Right. That's the main thrust of the problem.

>>> Those results can be proved from the definition of convergence in the plane R^2,
>>> and convergence in R. (If you're familiar with metric spaces, then there is just one
>>> definition of "convergence" for metric spaces, but in your scenario we have two metric spaces
>>> involved, R and R^2, each with their own metric defined.)

To be precise, we should specify the Euclidean metric R^2 for the plane.
Usually that's assumed.

> > So (i) isn't a theorem?
> > Counter-example?
> >
>>> The projection functions f_x and f_y are /continuous/ functions between R^2 and R, and the above
>>> results are consequences of this.

Is the projection function always continuous?
I used to know this stuff, but the neurons rust -


--
Rich

[Mike Terry]

On 23/01/2022 23:27, RichD wrote:
> On January 22, Mike Terry wrote:
>>>>> Re-try:
>>>>> Given an infinite sequence {P[n]}, in the x-y plane. Project those points
>>>>> onto the x-axis, i.e. their x coordinates, creating the sequence {x[n]}
>>>>> Now:
>>>>> i) The limit of {x[n]} is also the projection of the limit of {P[n]}
>>>>> ii) The x-projection of the limit of {P[n]} is also the limit of {x[n]}
>>>>> True/false/maybe? Counterexamples?
>>
>>>> They both still say the same thing, because saying A=B is always
>>>> equivalent to saying B=A.
>
> A kangaroo is a mammal.
> Therefore, a mammal is a kangaroo.
> ?
> English is not math.
>

But your (i) and (ii) are "is" relationships (suggesting equals) and certainly not "is a"
relationships. Anyhow, I think I get what you're saying from your comments below.

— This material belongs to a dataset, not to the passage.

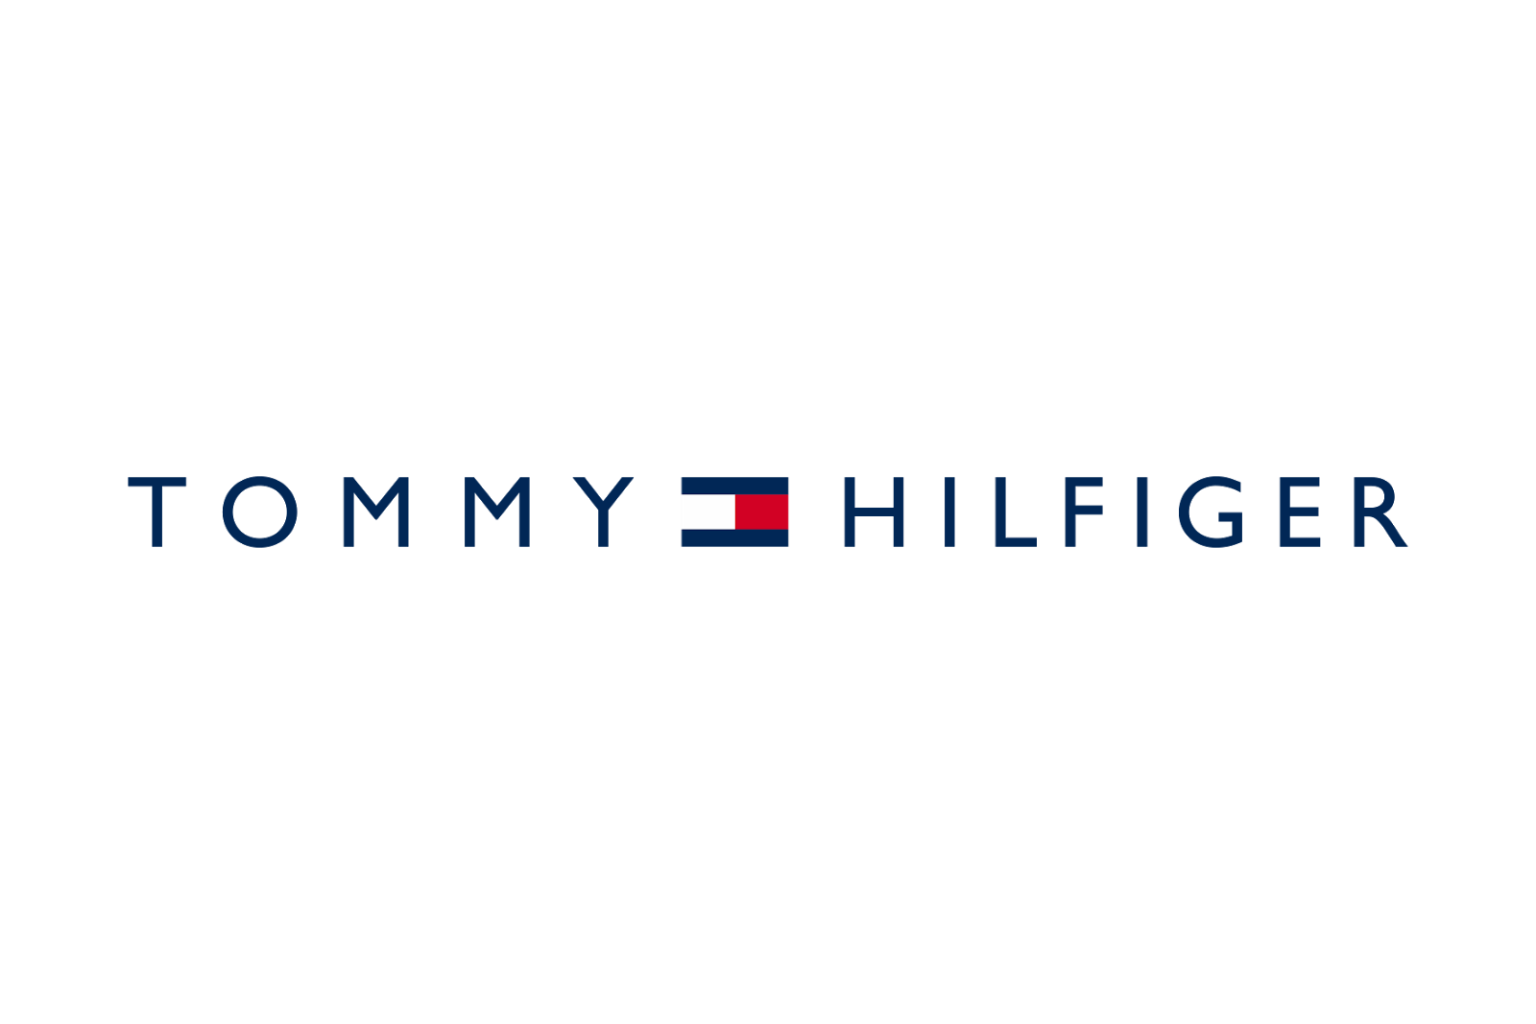 Tommy hilfiger logo - Download Free Png Images

Here is how I would have said them:

i) If x[n] converges, does P[n] necessarily converge, and if so is
lim x[n] = proj_x (lim P[n]) ?
ii) If P[n] converges, does x[n] necessarily converge, and if so is
lim x[n] = proj_x (lim P[n]) ?

Seems clearer to me, but maybe that's just me...

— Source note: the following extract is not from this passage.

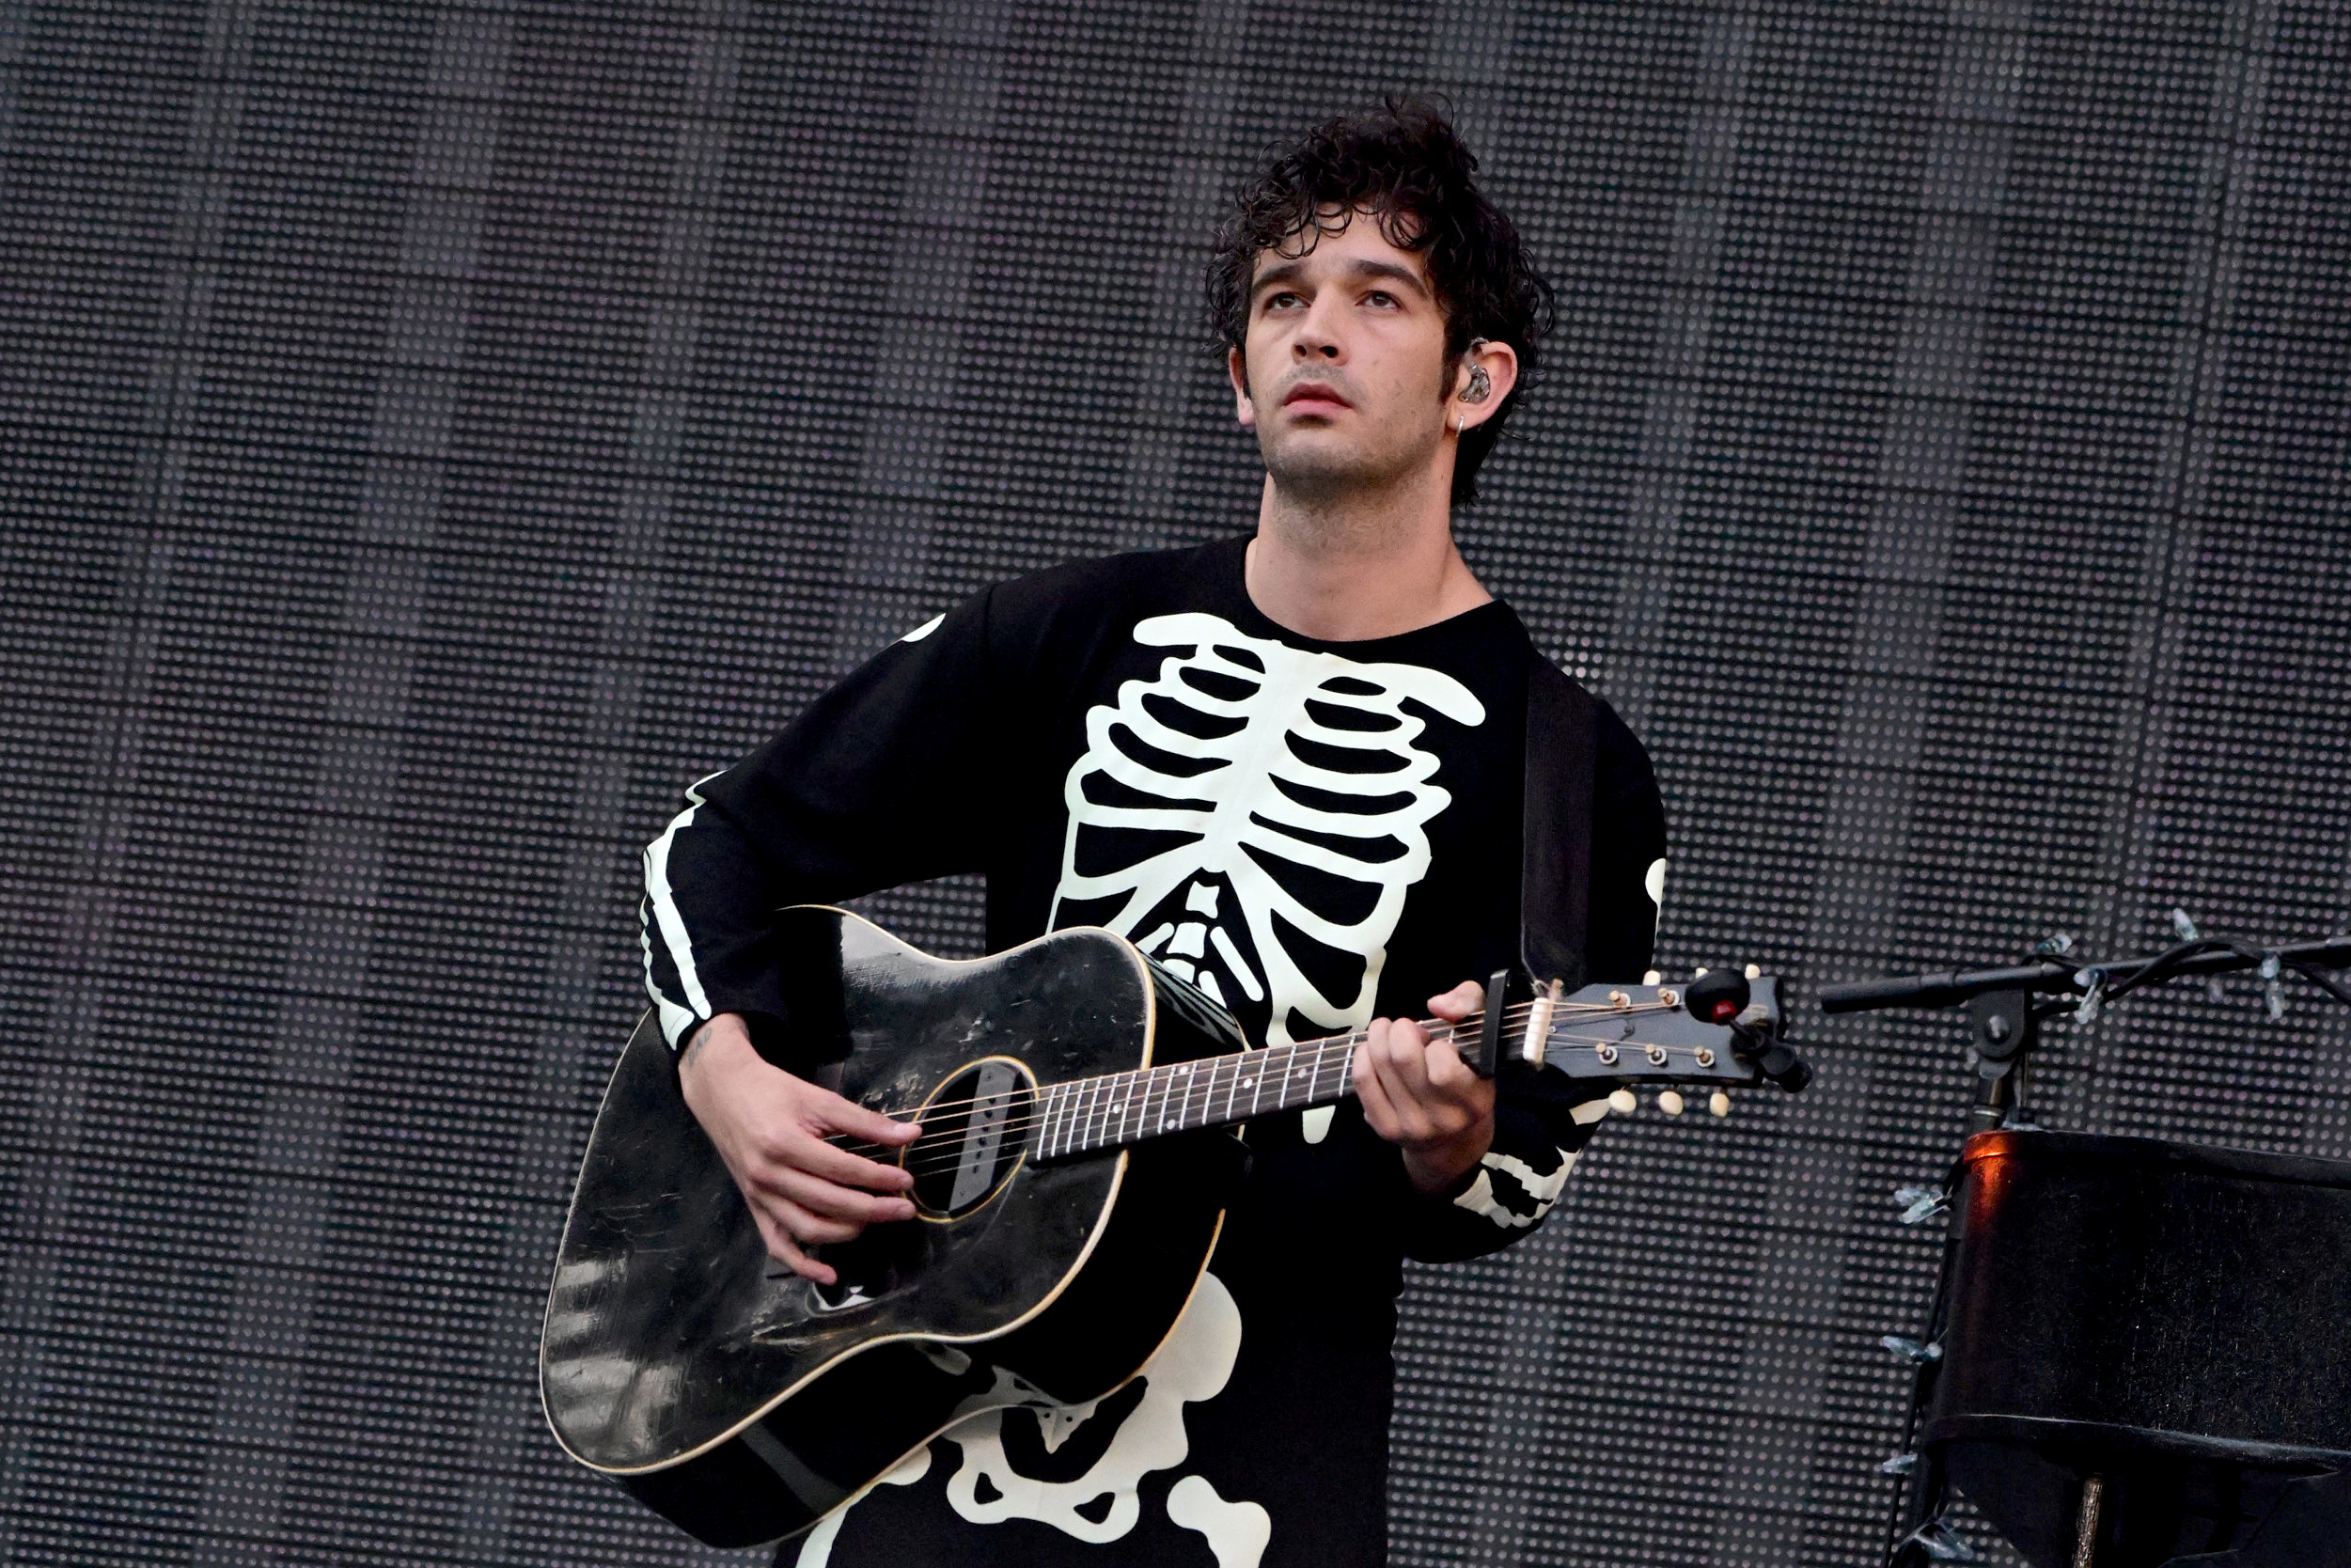 Matty Healy en escenario con guitarra y camiseta con estampado de esqueleto

All linear maps (for finite dimensional vector spaces over R at least) are continuous. So that
covers projections, and lots more.

> I used to know this stuff, but the neurons rust -

Yeah, you've reminded me that I've forgotten a mountain of stuff around topological vector spaces
and functional analysis. (Infinite dimensional spaces and so on...) Well that was 40-ish years
ago, so no surprise I guess.) :)

Mike.

[Barry Schwarz]

On Sun, 23 Jan 2022 15:27:13 -0800 (PST), RichD
<r_dela...@yahoo.com> wrote:

>On January 22, Mike Terry wrote:
>>>>> Re-try:
>>>>> Given an infinite sequence {P[n]}, in the x-y plane. Project those points
>>>>> onto the x-axis, i.e. their x coordinates, creating the sequence {x[n]}
>> >>> Now:
>>>>> i) The limit of {x[n]} is also the projection of the limit of {P[n]}
>>>>> ii) The x-projection of the limit of {P[n]} is also the limit of {x[n]}
>>>>> True/false/maybe? Counterexamples?
>>
>>>> They both still say the same thing, because saying A=B is always
>>>> equivalent to saying B=A.
>
>A kangaroo is a mammal.
>Therefore, a mammal is a kangaroo.
>?
>English is not math.

So {P[n]} is an infinite sequence.
Therefore, any infinite sequence must equal {P[n]}

Bad logic is bad logic, regardless of language.